Visibility. Read the account record for an audit.

Everything else — what the network does with a takendown account, what gets indexed, what labels appear next to a post, who can see whose follows — is downstream. We tell the firehose; downstream consumers honor the signal or they don't. That's federation working as designed.

Admin auth: HTTP Basic with a scrypt-hashed password

The admin surface deliberately does not use the regular JWT-issuance flow. Three reasons:

Admin isn't an account. There's no row in accounts for the operator. They don't have a DID, a repo, a handle, an email.
Admin sessions sitting in refresh_tokens is the wrong storage. Refresh rows are rotated on every use; long-lived admin tooling would trip the rotation logic constantly.
The hot path is small. A handful of admin requests per week, made from a shell session. We don't need stateless auth's throughput.

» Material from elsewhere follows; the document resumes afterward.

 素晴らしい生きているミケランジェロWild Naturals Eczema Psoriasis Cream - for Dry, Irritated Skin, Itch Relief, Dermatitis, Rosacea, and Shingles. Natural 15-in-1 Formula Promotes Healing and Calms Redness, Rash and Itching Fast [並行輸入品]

So requireAdmin (in src/pds/auth/middleware.ts) takes a straightforward HTTP Basic header. The username is conventionally admin and we ignore it. The password is compared against a stored hash:

const ok = stored.startsWith('plain:')
  ? timingSafeEqualStr(password, stored.slice('plain:'.length))
  : await verifyPassword(password, stored)

Two env vars feed the hash:

PDS_ADMIN_PASSWORD_HASH — a scrypt:v1:... digest produced once by pnpm admin:hash. Recommended for any deployment you can reach.
PDS_ADMIN_PASSWORD — a plaintext fallback. The middleware prefixes it with plain: internally so the storage path is obviously dev-only. Useful for the local-curl flow, not for production.

Neither set means the admin surface is disabled. Every endpoint then returns 403 AdminDisabled. That is the default on a fresh clone, on purpose: no operator credential = no operator surface.

Generating the hash is a one-liner:

pnpm admin:hash 'correct-horse-battery-staple-with-extras'
# → scrypt:v1:32768:8:1:abc...:def...

Paste the result into your secret manager / .env / orchestration system and never write the plaintext down again.

The web UI: `/admin` (handle-gated)

The Basic-auth flow above is the right shape for scripts, the CLI, and any machine-to-machine ops. It's not a great fit for "I want to glance at the signup table from my phone." For interactive use there's a small web UI at /admin, gated by handle, not by the operator password.

Set the env knob:

PDS_ADMIN_HANDLE=alice.test

…and /admin is reachable. Leave it unset (the default) and the routes 404, so a misconfigured deploy doesn't accidentally expose the surface.

The flow:

Operator visits /admin (or any sub-route). If they're not logged in, they get a small form prompting for handle + password.
The form's POST handler calls the same loginWithPassword the XRPC createSession uses. App passwords work here too.
Before minting a session, the handler asserts the supplied handle equals PDS_ADMIN_HANDLE. The error on mismatch is generic ("invalid credentials") so a curious attacker can't probe which handle is admin.
On success, an HttpOnly+SameSite=Strict cookie carries a 1-hour JWT scoped to admin-ui. Every subsequent /admin/* request re-checks that the account's current handle still matches the env value — so if the admin rotates their handle via updateHandle, UI access revokes itself immediately, even before the JWT expires.

Pages today:

/admin — dashboard. Same stats as the public / plus the five newest signups and the five newest invite codes.
/admin/signups — every account, newest first, paginated by createdAt cursor. Shows handle, DID, email, status, email-confirmed marker, migration state.
/admin/invites — list of every invite code + a form to mint a new one (useCount, optional forAccount) + per-row "disable" buttons.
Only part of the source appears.